● PROBLEM TO SOLVE:
Except for images, print the whole listing verbatim.

Segment Start: COLLECTED DATA

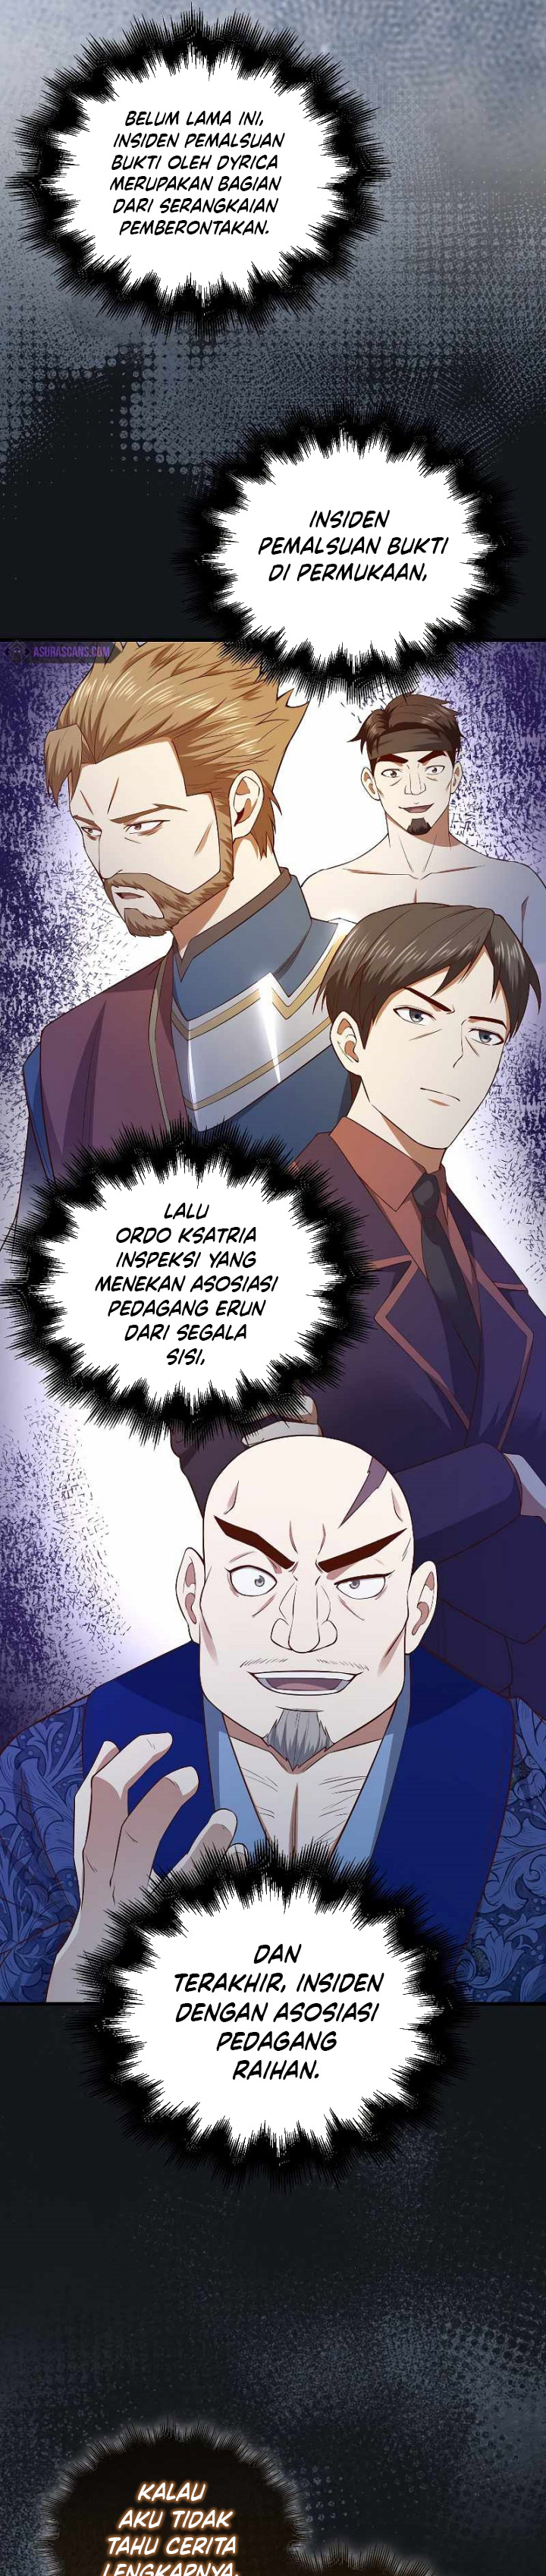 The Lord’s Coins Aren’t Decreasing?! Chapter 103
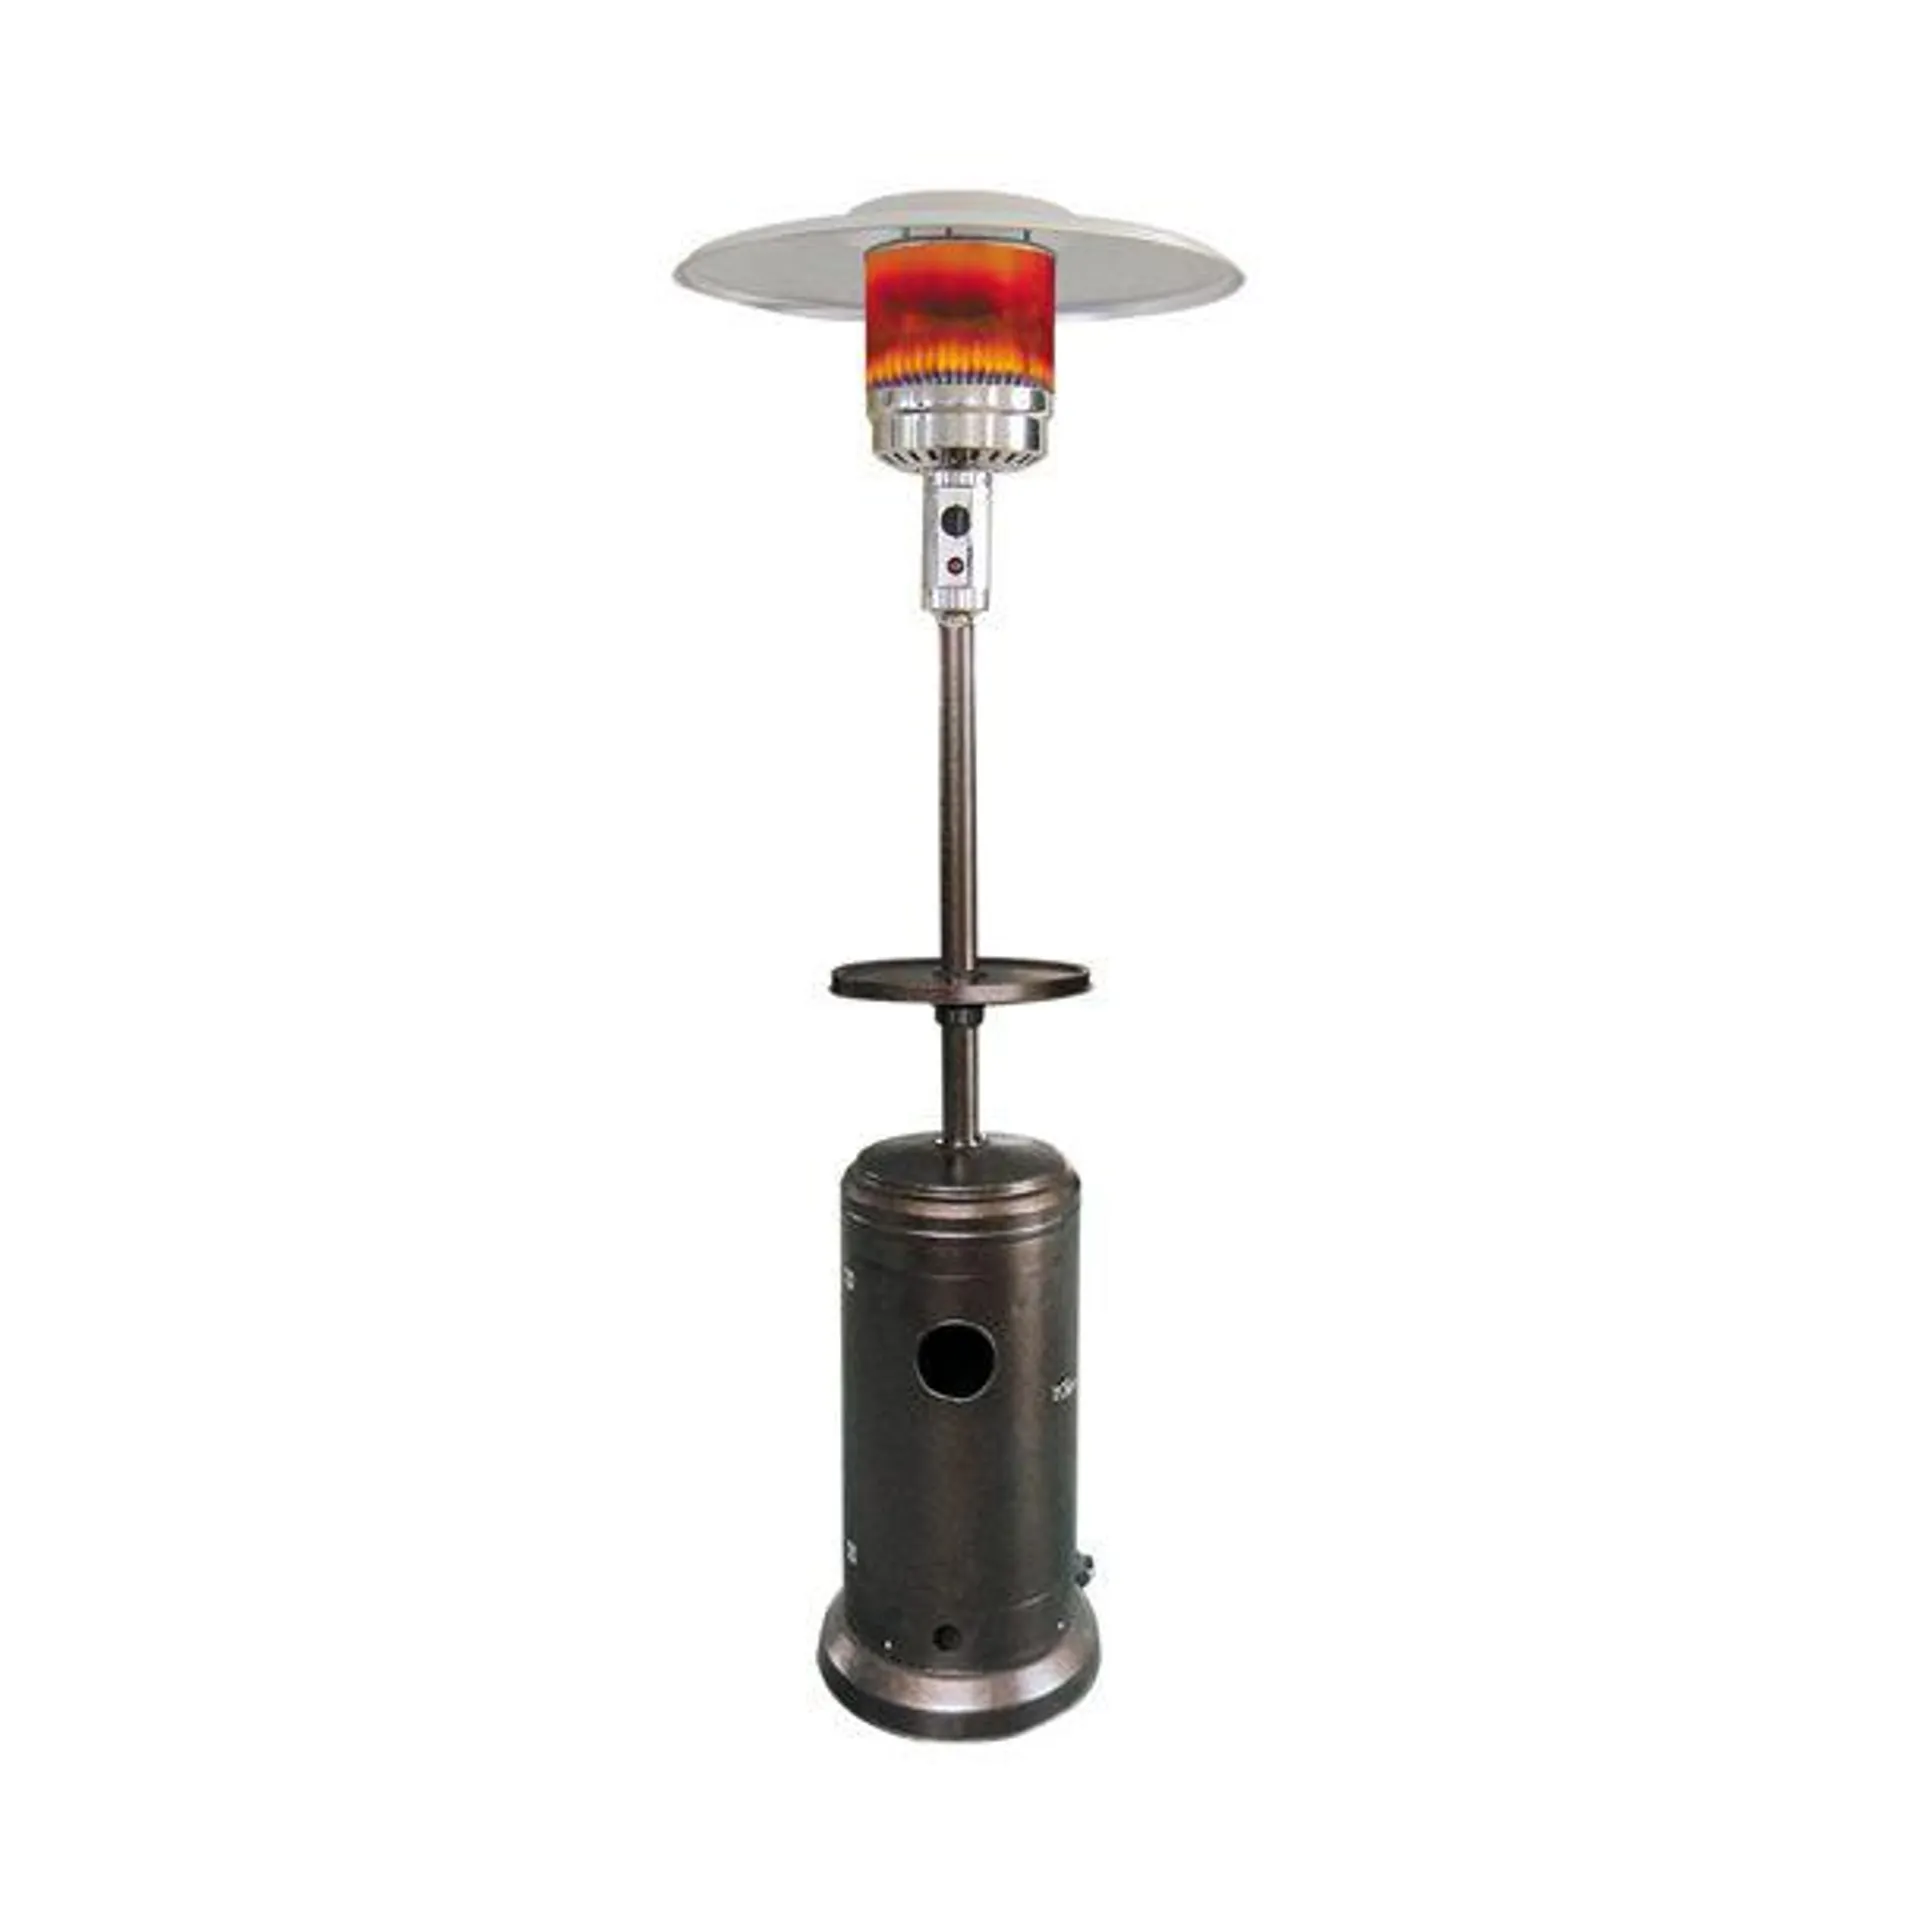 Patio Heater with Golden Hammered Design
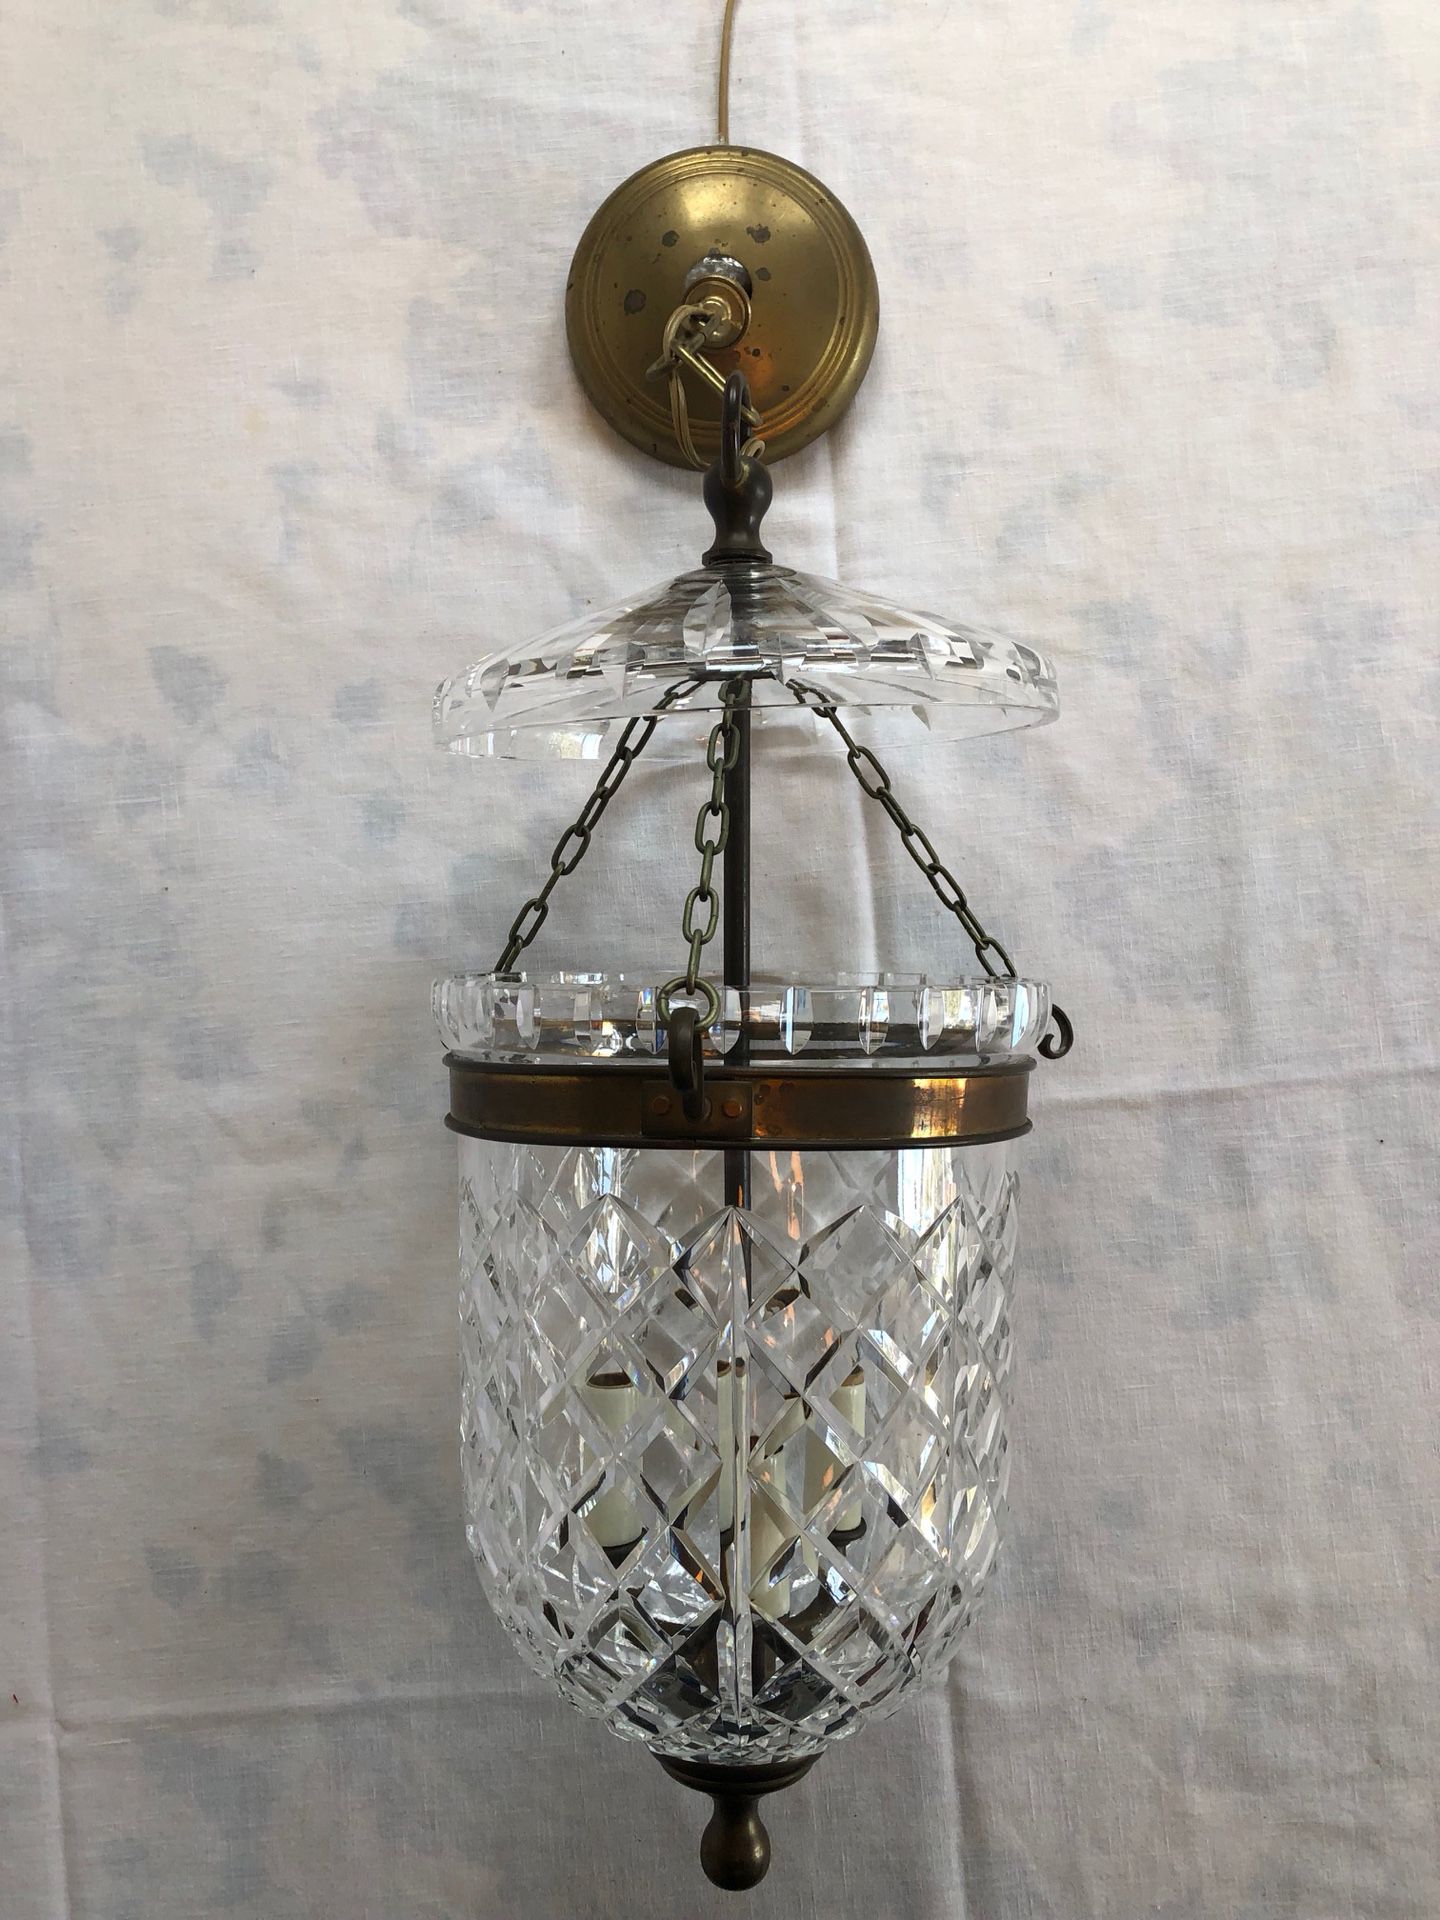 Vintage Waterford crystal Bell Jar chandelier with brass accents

Segment End: COLLECTED DATA

● RESPONSE AREA:
 The Lord’s Coins Aren’t Decreasing?! Chapter 103
 Patio Heater with Golden Hammered Design
 Vintage Waterford crystal Bell Jar chandelier with brass accents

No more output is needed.